The only cheap feeling part of the console is the kickstand, other than that the console and controllers are as sturdy and as well built as any recent Nintendo console. I can't convince you on that unless you have it on your hands, but I don't know where you're getting the assumption that it's cheaply made.

If you don't wanna buy a console for a single game hold out until summer or the holiday season, unless you really want that Wii U.
There are no more new consoles coming though, so it's either used or refurbished.


----------



## p e p p e r (Mar 25, 2017)

are you i the u.s.?  i've never even heard of a shortage for either, where i live you can get them at any stores that sell games and they are available for normal prices on amazon as well


----------



## QueenOpossum (Mar 25, 2017)

mayorpochosita said:


> To be honest, i don't like the Switch, it looks super cheaply made. I bet that thing *costed like 50 bucks or less to make* and to get it for $300 is ridiculous. And the WiiU i know it's not the best console either but what i like are the exclusive games. Not going to buy a console for a single game right now.



You aren't paying for the parts and parcels - you're paying for the console design, the software, etc.

I agree $300 is a bit too much (since my PS4 was 250 new with a game) but then again this is the first real hybrid console. It'll get cheaper.

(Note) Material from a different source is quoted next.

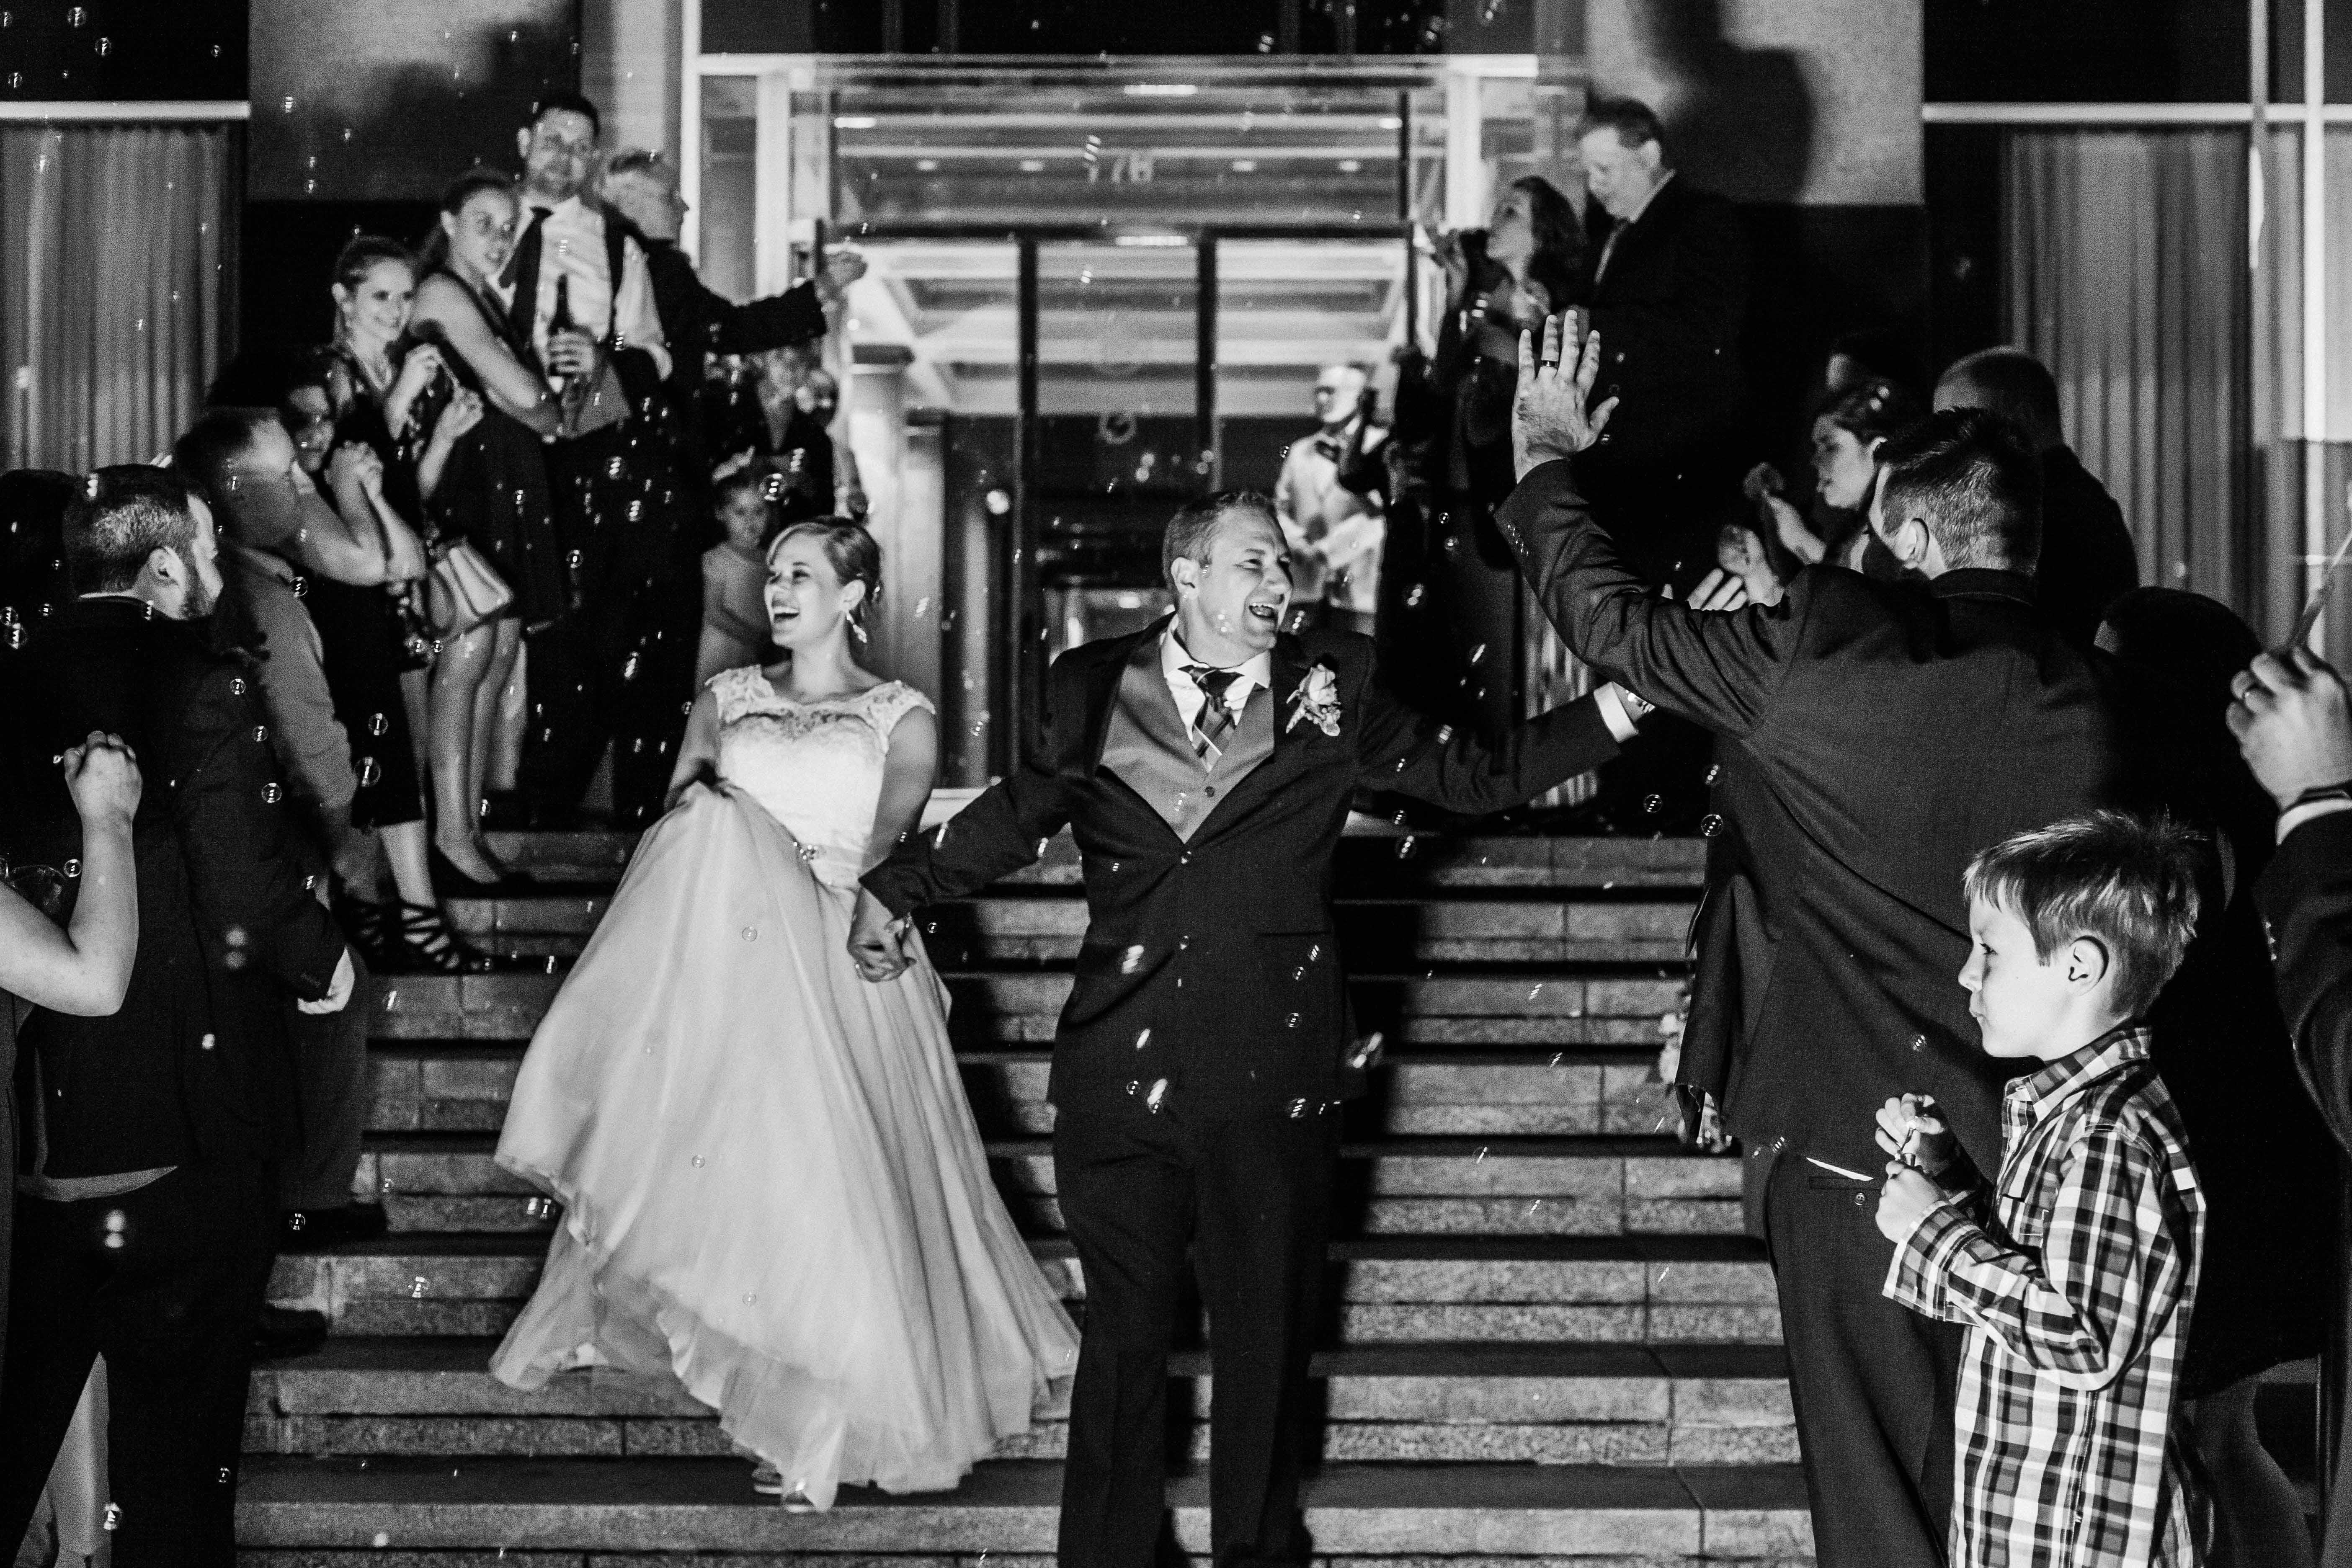 MAULDIN_WEDDING_MONTGOMERY_ALABAMA_WEDDING_PHOTOGRAPHY_135
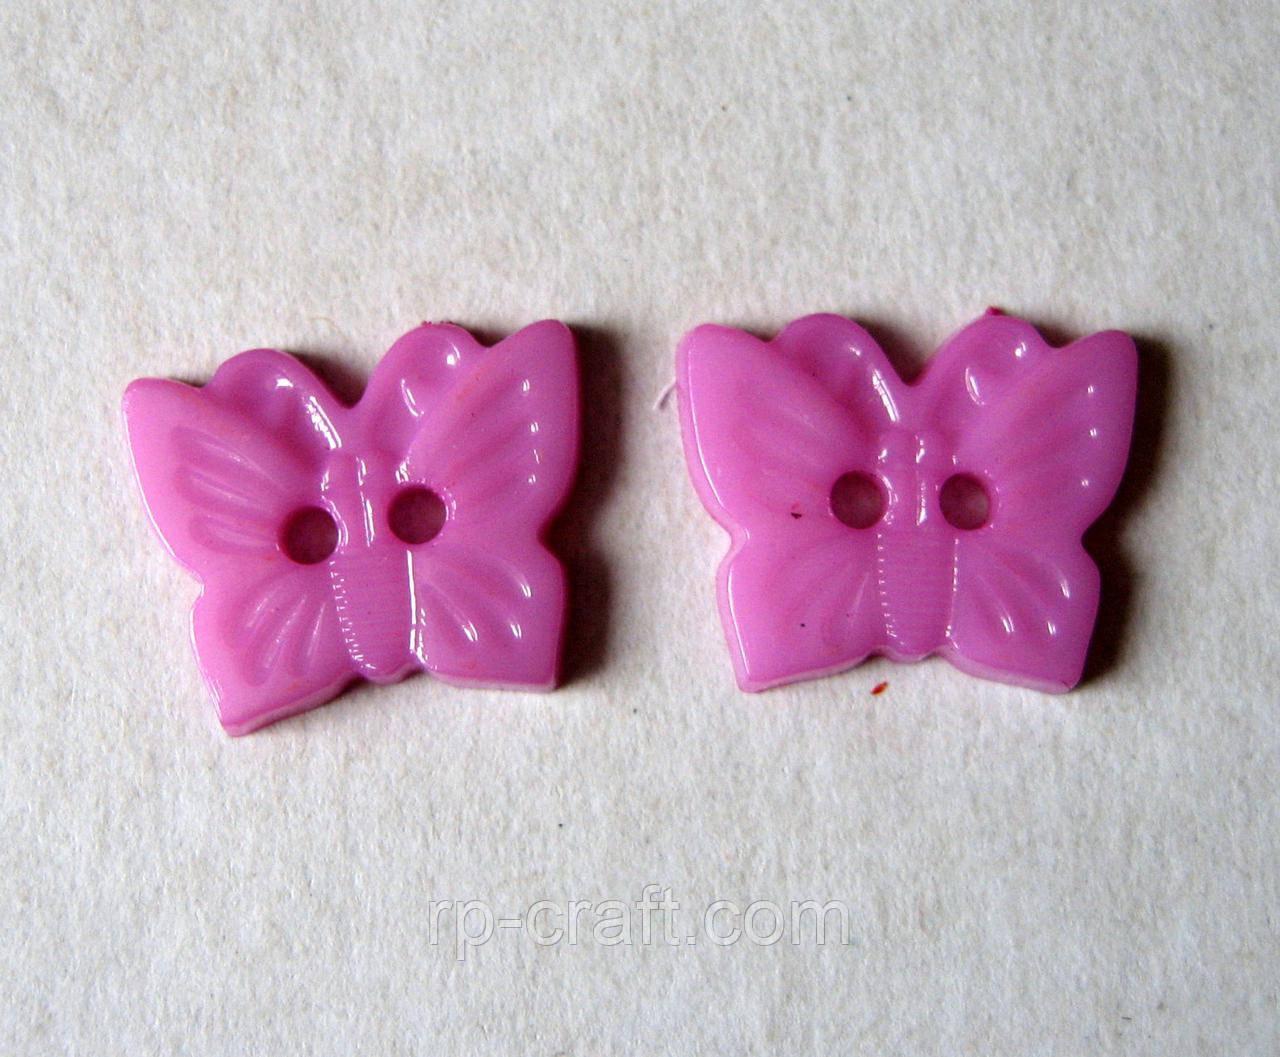 Пуговица пластиковая, декоративная, фигурная, бабочка сиреневая, 13х16 мм

As for a WiiU, yeah they've been out of production for nearly a year now.


----------



## Lancelot (Mar 25, 2017)

mayorpochosita said:


> Yes but only refurbished ones.
> 
> - - - Post Merge - - -
> 
> ...



You could say the same for when the wii u came out, not worth buying for just a few games.
Youll then end up having the same issue in like 4-5 years when the switch is discontinued but you fancy playing some games on it.

Im not saying buy a switch but it just seems a bit stupid to me.


----------



## King Dorado (Mar 26, 2017)

shortage here as well, started after Thanksgiving, i noticed walmart, target had no 3DS units and no wii u consoles either.  basically they only had the 2DS bundeled with MarioKart, even at Christmas time and only a few then.  I asked one of the clerks if they were on back order and he said no, that the stores were all converting over to just carrying the Switch...  perhaps you can find used systems in good shape at Gamestop...


----------



## forestyne (Mar 27, 2017)

Have you tried eBay? I bought a Wii U second-hand for ?50 ($65-70 USDish?). The Wii U was an epic flop, so it's understandable they're weaning out stock to try and push it into the past.

- - - Post Merge - - -

It's honestly impossible to find a new console at this point. IMO I don't think the Switch is worth buying just yet unless you really want it. At least with the Wii U, you know the console is deceased and you know what games are on it.


----------



## TheBloodWitch (Mar 28, 2017)

Yeah, the new 3ds was so hard to find, that I had to actually preorder the new one that was coming out in February just to get one! Talk about a bummer  But! At least I have it now!!! Which is pretty great! Also meant I could finally send my friend my old 3ds!


----------



## carp (Mar 31, 2017)

3ds are so easy to find omg


----------



## watercolorwish (Apr 3, 2017)

the 3ds is still going i just got the galaxy new xl one. they're also making the new 3ds in different colors (finally) so they need to keep it around


----------